The “American Ninja Warrior” hopeful typically trains at a gym three times a week and then takes care of her cardio at the mountain.Tuesday, she had to alter her training to avoid the record-high temperatures.

Because trails in Phoenix never close due to extreme weather conditions, hikers can always find their way to the trails, even in the blazing heat. Although they cannot stop them, park rangers and firefighters suggest citizens stay indoors during the days with extreme heat. It’s easier said than done, said Captain Reda Bigler of the Phoenix Fire Department.

“You’ll find that people will go and hike and put themselves out there regardless of what the temperature is, so knowing that, we hope people don’t do that,” Bigler said. “One of the things with temperature like this is you can face heat stroke immediately, you can skip right past heat exhaustion and get to a point where you’re into heat stroke, that can actually result in death. Now, you put yourselves on the mountain in terrain that makes it a little tricky for firefighters to get to you.”

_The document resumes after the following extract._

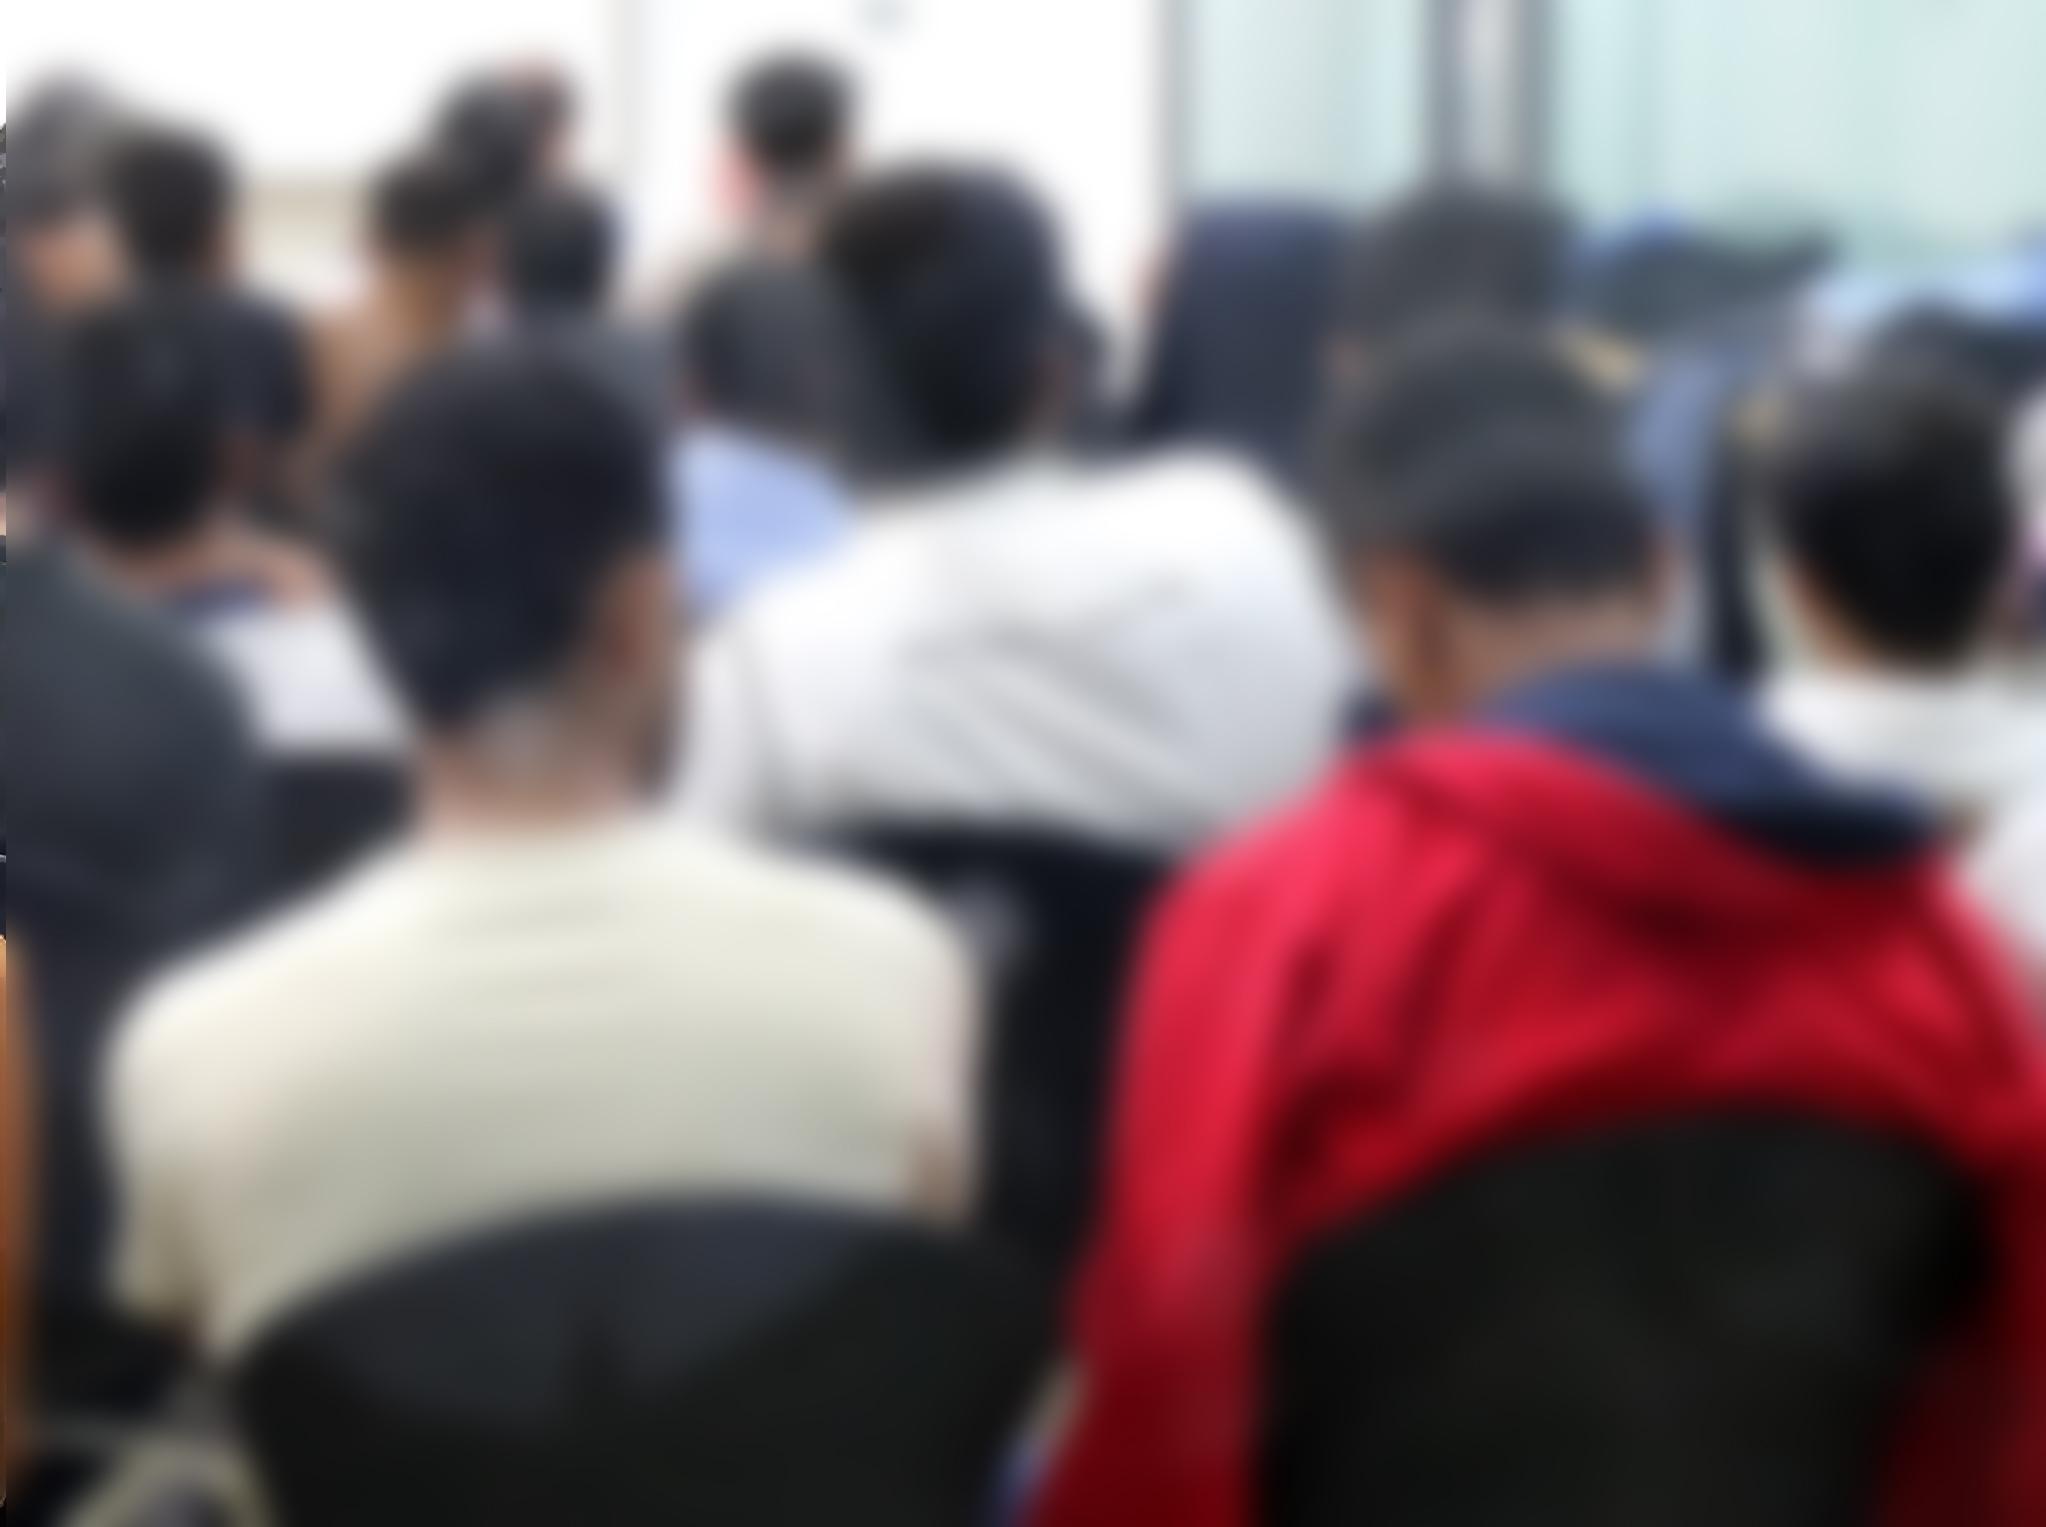 예멘 난민 신청자들이 29일 제주시 제주이주민센터에서 국가인권위원회의 인권상담을 위해 대기하고 있다. [뉴스1]

Preventing those extreme situations and avoiding health problems that may arise while on the mountain in the high temperatures, are possible, said Chris Webb, a park rangers at the Echo Canyon Trailhead.

“They should take a ton of water with them and be prepared by dressing appropriately, with a cap, sunscreen, good sturdy shoes, bring a charged cellphone as well and let people know where they are going and go in a group and don’t split up,” Webb said.

Hiking trails in the Phoenix area attract visitors from all over the country who may not be educated about the weather. Arizona natives like brother and sister Jesse Johnson and Camber Wilson, however, have become accustomed to the extreme temperatures.

“We were born and raised our whole lives in Arizona so it’s something you kind of learn to get used to and live with,” Wilson said. “But, it’s definitely something you want to come out here before it gets too hot during the day and not be in the middle of it. It gets kinda warm.”

The Arizona record-high of 128 degrees won’t quite be reached this week, but weather.com still predicts high temperatures of 118, 112, 113, and 115 through the rest of the week in Phoenix.